Iowa has also seen a dramatic reduction in wildlife habitat over the past 25 years, according to the report. In 1990, for instance, Iowa had 4.6 million acres of habitat, including 2.7 million acres of hay and grain fields, and 1.9 million acres of Conservation Reserve Program land. In 2013, the most recent year of data collected from USDA, that had fallen to 2.8 million acres of habitat, including 1.3 million acres of hay and grain and 1.5 million acres of CRP land.

Thompson said the CRP drop can be partly attributed to the high corn and bean prices in recent years, resulting in more landowners farming or renting out land once set aside for conservation.

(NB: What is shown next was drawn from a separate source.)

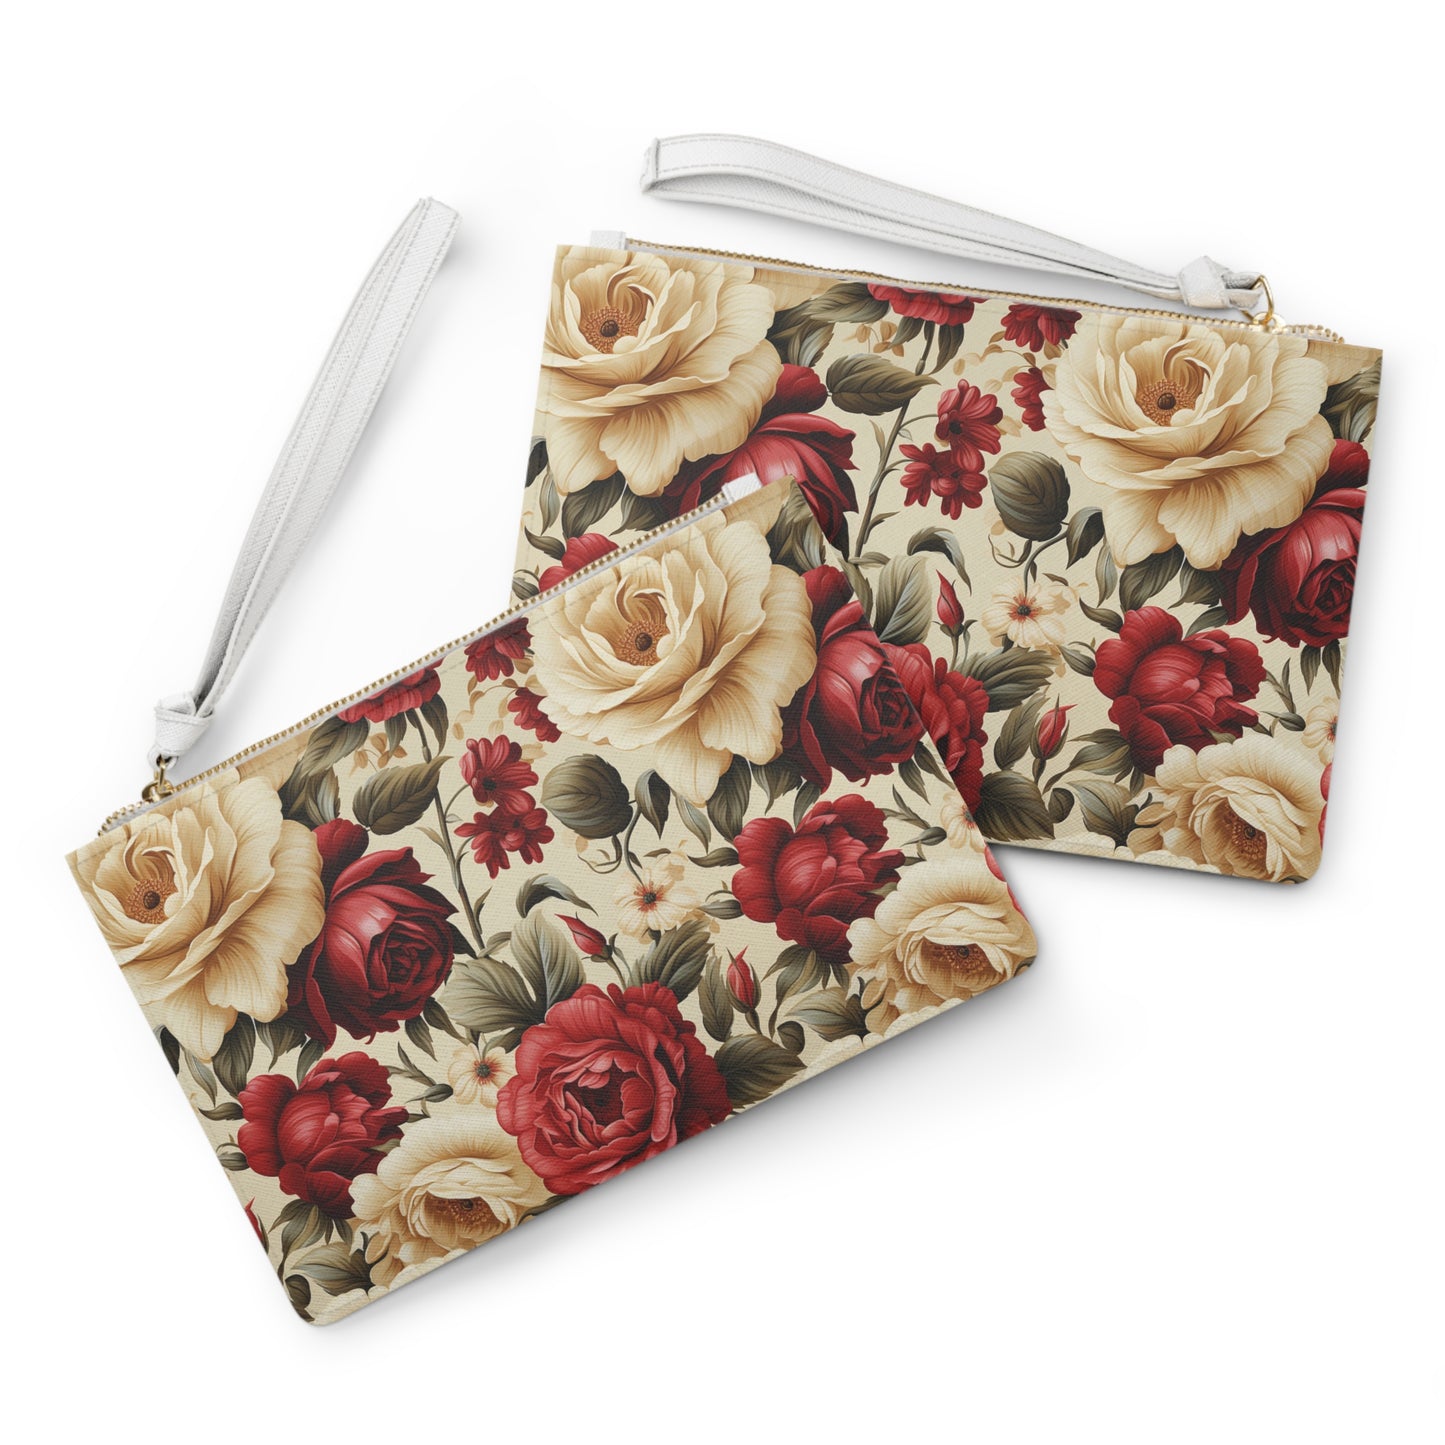 Vintage Style Rose Clutch Bag
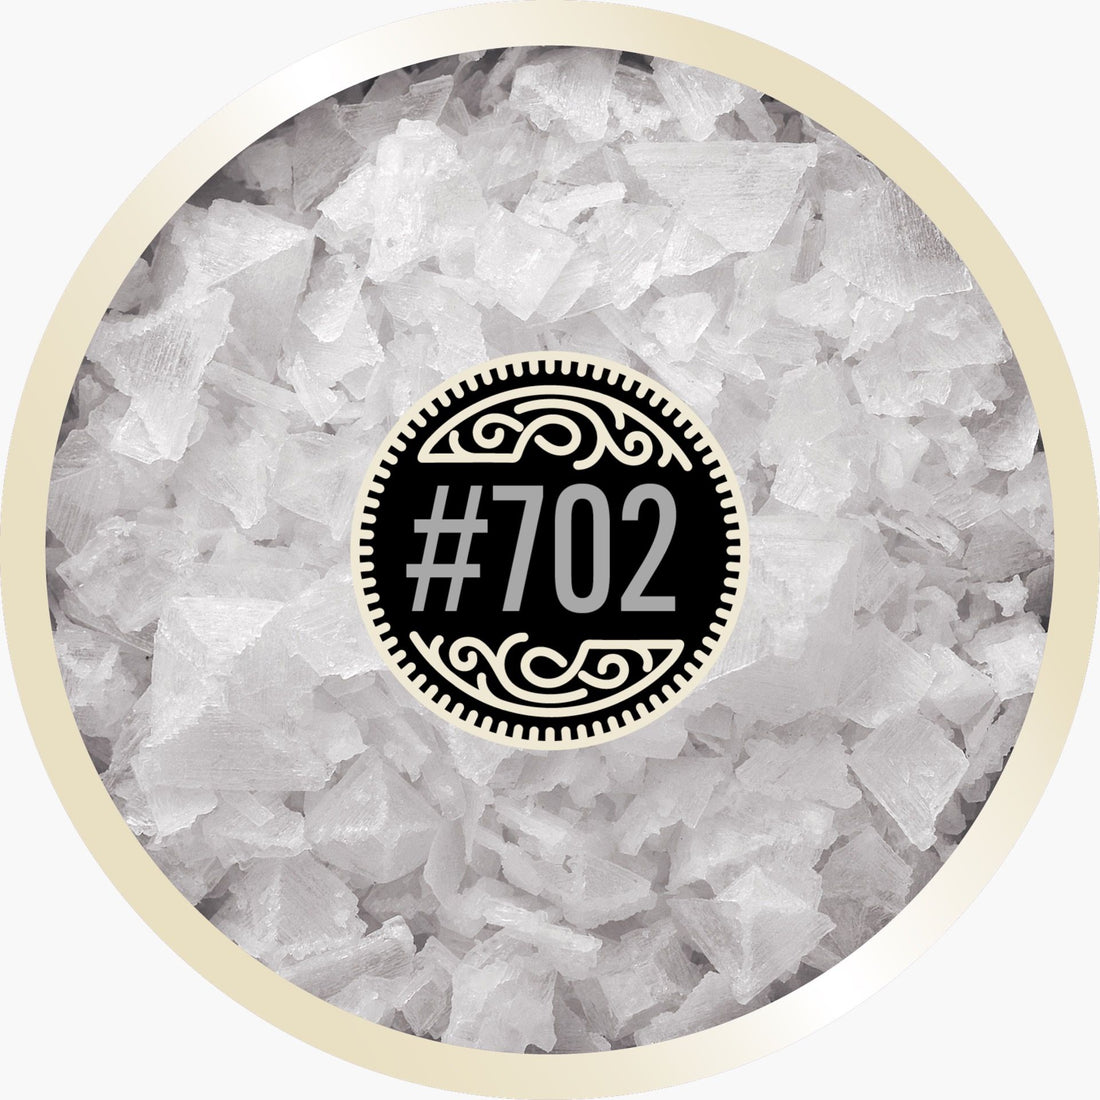 Salt Flakes #702

Along with pheasants, the bobwhite quail population is also on a positive trajectory in Iowa, with the DNR counting 52 percent more of the birds this year compared to last. Quail can be found in Johnson County, but are most plentiful in Iowa's southern tier of counties, including Washington County.

As for deer — early archery season for deer started Oct. 1 and early muzzleloader begins Oct. 17 — Thompson said numbers are at "a happy medium."

"The population is about right where we'd like to have it, in terms of there being plenty of deer for hunters and not so many deer that farmers and people in the landscaping business get upset," Thompson said.

Reach Josh O'Leary at joleary@press-citizen.com or 887-5415, and follow him on Twitter at @JD_OLeary.

Iowa Hunting season, upcoming dates

Rooster pheasant: Oct. 31 to Jan. 10.

Bobwhite quail: Oct. 31 to Jan. 31.

Archery deer: Oct. 1 to Dec. 4, and Dec. 21 to Jan. 10.

Muzzleloader deer: Early season Oct. 17 to 25, and late season Dec. 21 to Jan. 10.